The present study focuses on two transects (Fig. lD). The first transect (Fig. 2B1) is in the
shallow part of the lake (maximum depth ca. 40 cm) and shows high temperature
fluctuations (25°-45°C). The salinity ranges from 35 to 90 PSU and the pH averages at
8.5. This transect is characterized by small laminated calcareous knobs built by active
microbial mats but lack the presence of large stromatolitic heads. From the edge toward
the center of the lake, the following two zones can be distinguished along the transect
(Fig. 2B1).
(1) Zone I is characterized by carbonate sand that is trapped and bound by filamentous
cyanobacteria and ‘cemented’ in the upper 5 mm to form a cohesive crust (Fig. 3C). This
crust has a red-brown to green coloration in the two millimeters immediately underneath
the dark surface.
(2) Zone Ia is comprised of a thick microbial mat dominated by filamentous
(Phormidium-like) and coccoid (Entophysallis sp. and Gloeocapsa sp.) cyanobacteria.

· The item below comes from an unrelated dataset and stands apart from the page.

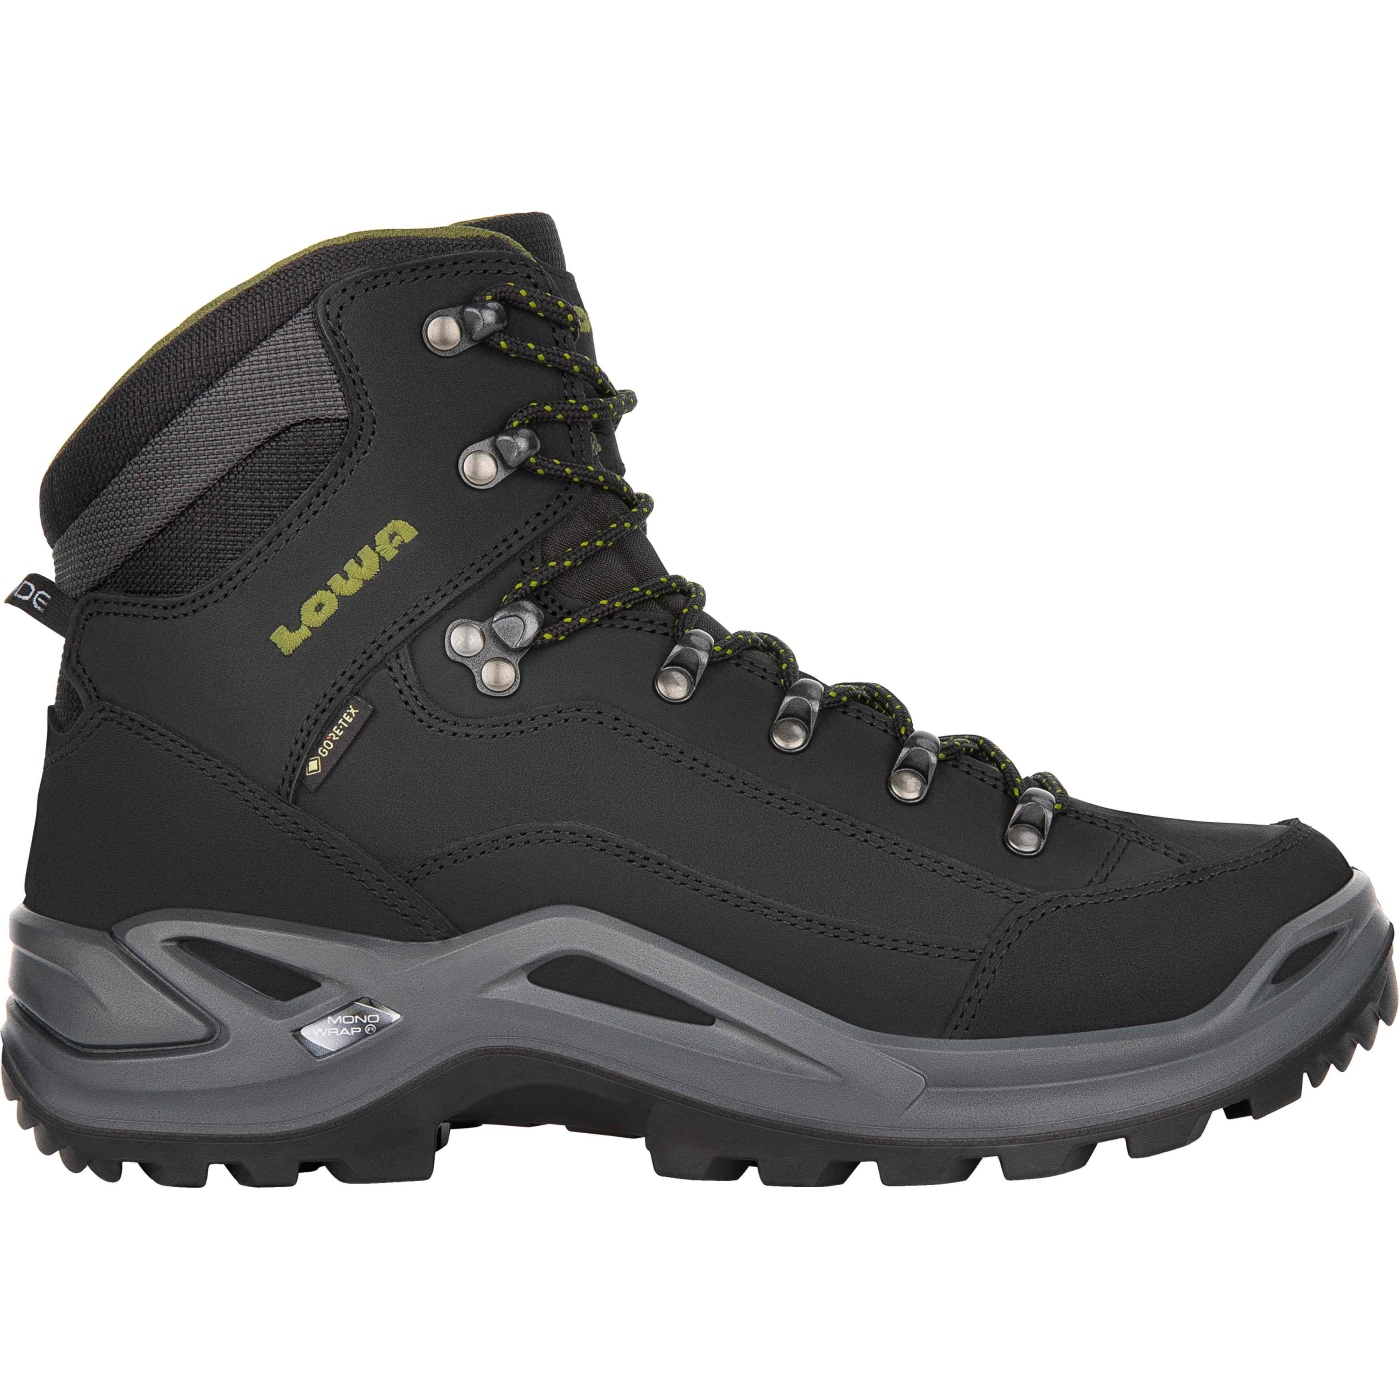 LOWA Renegade GTX Mid Shoe - black/oliv

The microbial mat can be more or less cohesive (less cohesive in the wet season) and
shows the classical sequence of depth horizons (from top to bottom): a brownish layer
consisting of empty sheaths embedded in extracellular polymeric substances (EPS) that
includes photopigments (e.g., gloeocapsin, scytonemin), a green layer of oxygenic
phototrophs, a pink layer of anoxygenic phototrophic purple sulfur bacteria, and a black
FeS layer dominated by sulfate-reducing bacteria. The presence of variable amounts of
translucent greenish to reddish ‘slime’ (Fig. 3a,b), which has been referred to as
‘thrombolitic pie mounds’ (Mann and Nelson, 1989), ‘ectoplasm’ (McNeese, 1988), or
‘jelly bombs’ (Paerl, pers. com.) is unique to Zone Ia mats. The jelly bombs consist of the
filamentous cyanobacteria Phormidium henersonii (Mann & Nelson, 1989) and various
coccoid cyanobacteria embedded in a large amount of EOM. Jelly bombs initially form as
small, flat, disc-like shapes within the microbial mat (Fig. 3c) and develop further into
large ‘balloon-like’ structures made up of translucent organic matter (i.e., the actual jelly
bombs).
When the water depth increases along the transect, the microbial mat progressively shows
a more flocculent texture (Fig. 3D), referred to as ‘ooze’ (Mann and Nelson, 1989) that
covers the entire deeper section of the lake. The ooze appears dark gray in color, but
more careful inspection shows that the upper millimeters are made up of a pigmented
brown layer that is overlain by green and red layers (Fig. 3D). Large jelly bombs are
present in the ooze.
(3) Zone II shows patches of calcifying, finely laminated knobs (Fig. 3E), which are
formed by a Scytonema sp.-dominated microbial mat. The knobs often have conical
shapes (Fig. 3F), and are surrounded by ooze. Knobs are approximately 5 cm high, and
are grouped in patches.
Transect B2 (Fig. 2 B2) is characterized by a steeper increase in water depth. The
resulting increased accommodation space allows for Scytonema knobs with a more
complex morphology to develop. Due to the steeper bottom topography: (1) Zone I
covers only ca. 1-2 m and, similar to transect B1, is characterized by a cohesive sediment
crust. Zone Ia (with jelly bombs) is absent in this transect, (2) Zone II displays patches of
sub-calcified Scytonema knobs comparable to Zone II of transect B1, (3) In Zone III, the
increased accommodation space allows for the knobs to develop more complex
morphology and a greater degree of calcification. These microbialites have an irregular
macrostructure, and (4) Zone IV is dominated by ooze overlaying a black crust. The inner
part of the ooze shows a dark gray to black color typical of a reducing environment.